Why did Countries Adopt the Gold Standard? Lessons from Japan
Why did policymakers adopt the gold standard? Although previous research has identified ex post effects of gold standard adoption on trade and bond yields, few studies have sought to understand whether these were the actual outcomes of interest to policymakers at the time of adoption. We examine the political economy of Japan’s adoption of the gold standard in 1897 by exploring the ex ante motives of policymakers as well as how the legislative decision to adopt gold won approval. We then link the beliefs of contemporaneous policymakers to data so that we can test the economic effects of adoption. In contrast to previous studies examining bond yields, we find little evidence that joining the gold standard reduced Japan’s country risk or investors anticipated a dramatic decline in borrowing rates for the government. Moreover, we find no evidence of a domestic investment boom or that investors anticipated one and bid it into stock prices.

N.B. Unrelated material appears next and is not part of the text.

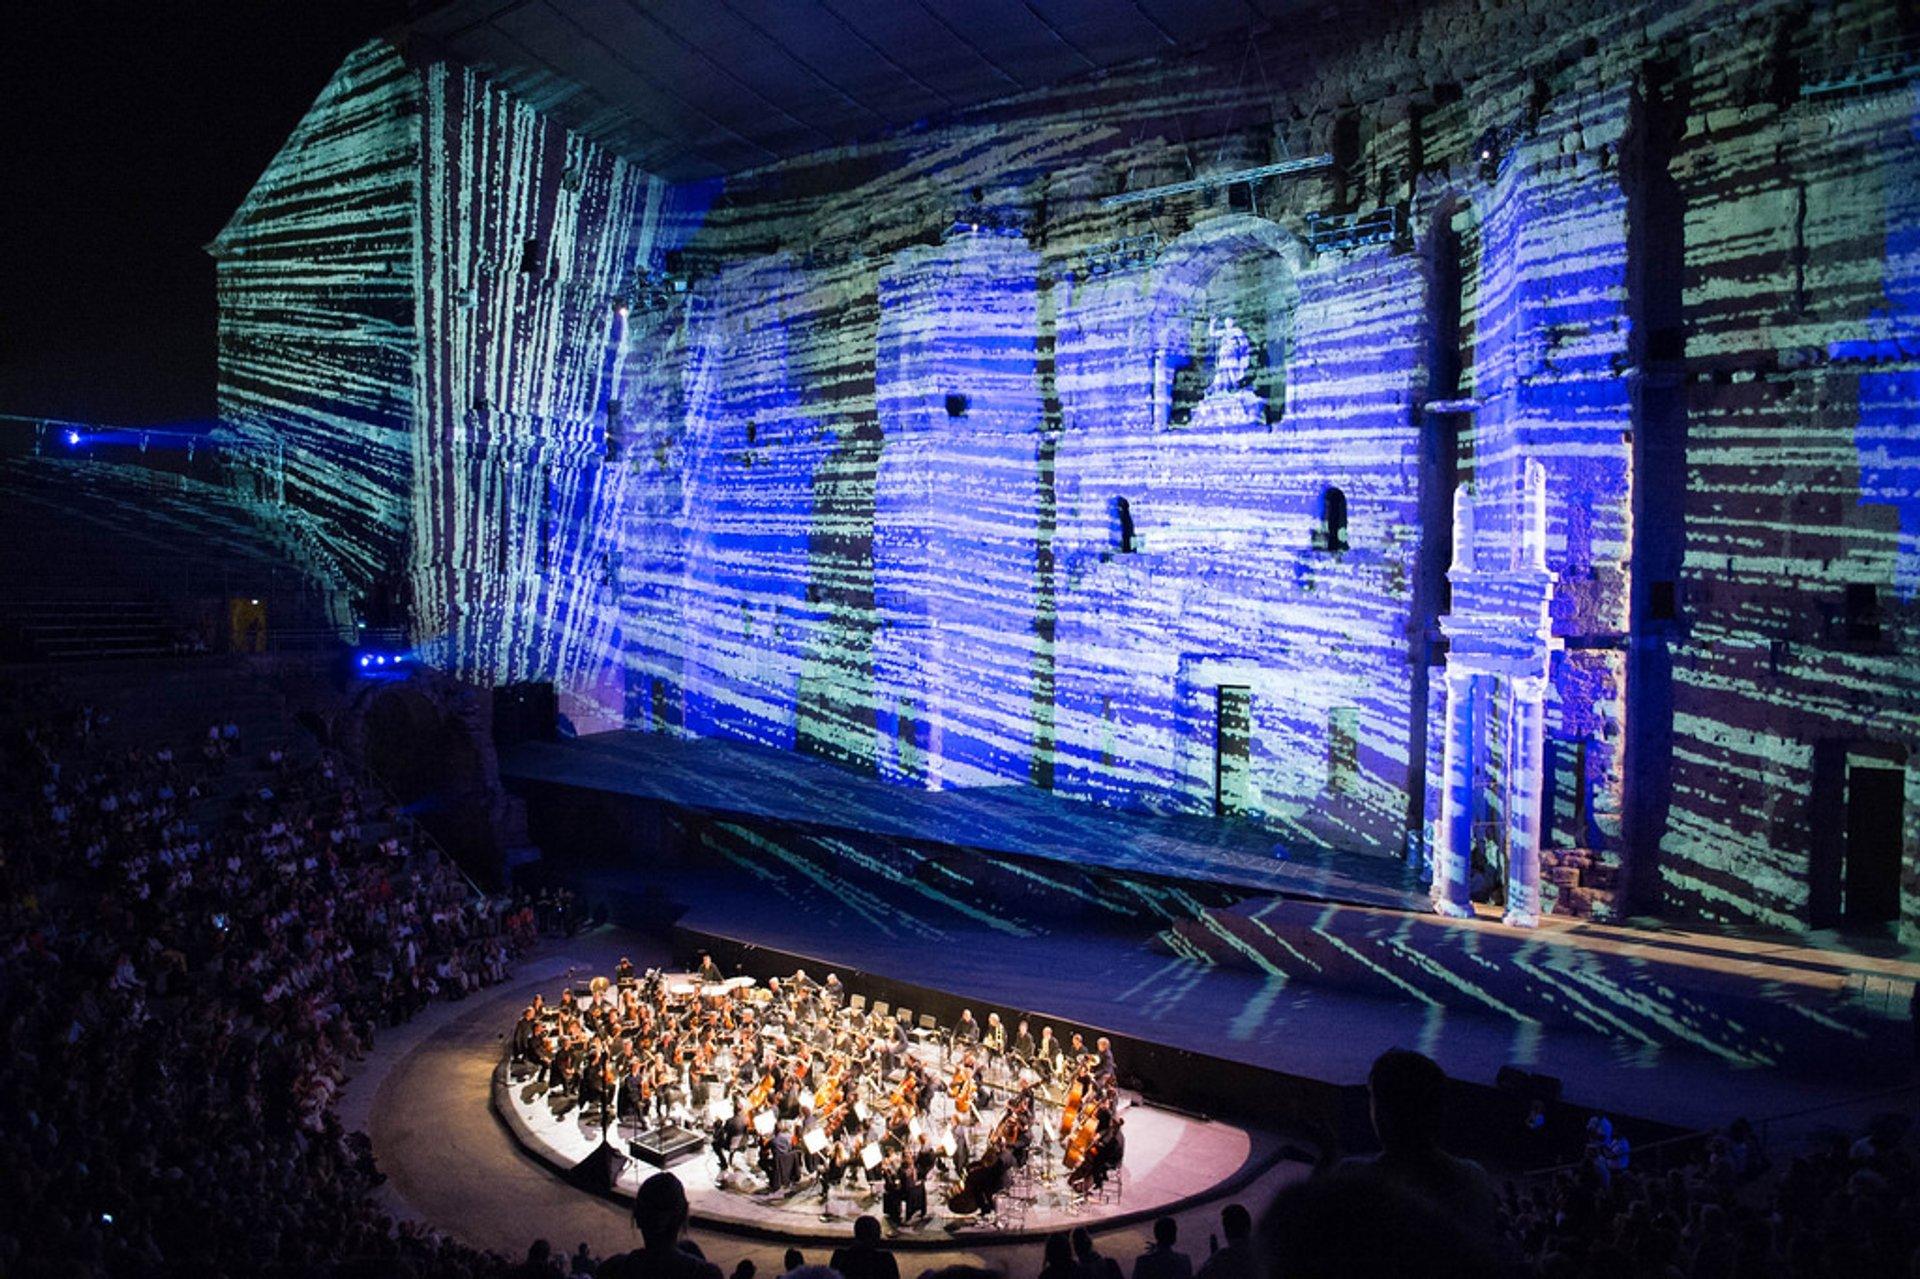 Théâtre Antique & Musée d'Orange 2020

However, as some policymakers suggested, we find that membership in the gold standard increased Japan’s exports by lowering transactions costs and because the price of gold fell relative to silver, making exports to silver standard countries more competitive. While Japan also received a boost in exports to its regional trading partners when it switched from paper to silver, going onto gold allowed Japan to tap into the growing share of global trade that was centered on the gold standard: by the late 1890s nearly 60 percent of Japanese exports and total trade were with members of the gold club.
Published: Mitchener, Kris James & Shizume, Masato & Weidenmier, Marc D., 2010. "Why did Countries Adopt the Gold Standard? Lessons from Japan," The Journal of Economic History, Cambridge University Press, vol. 70(01), pages 27-56, March.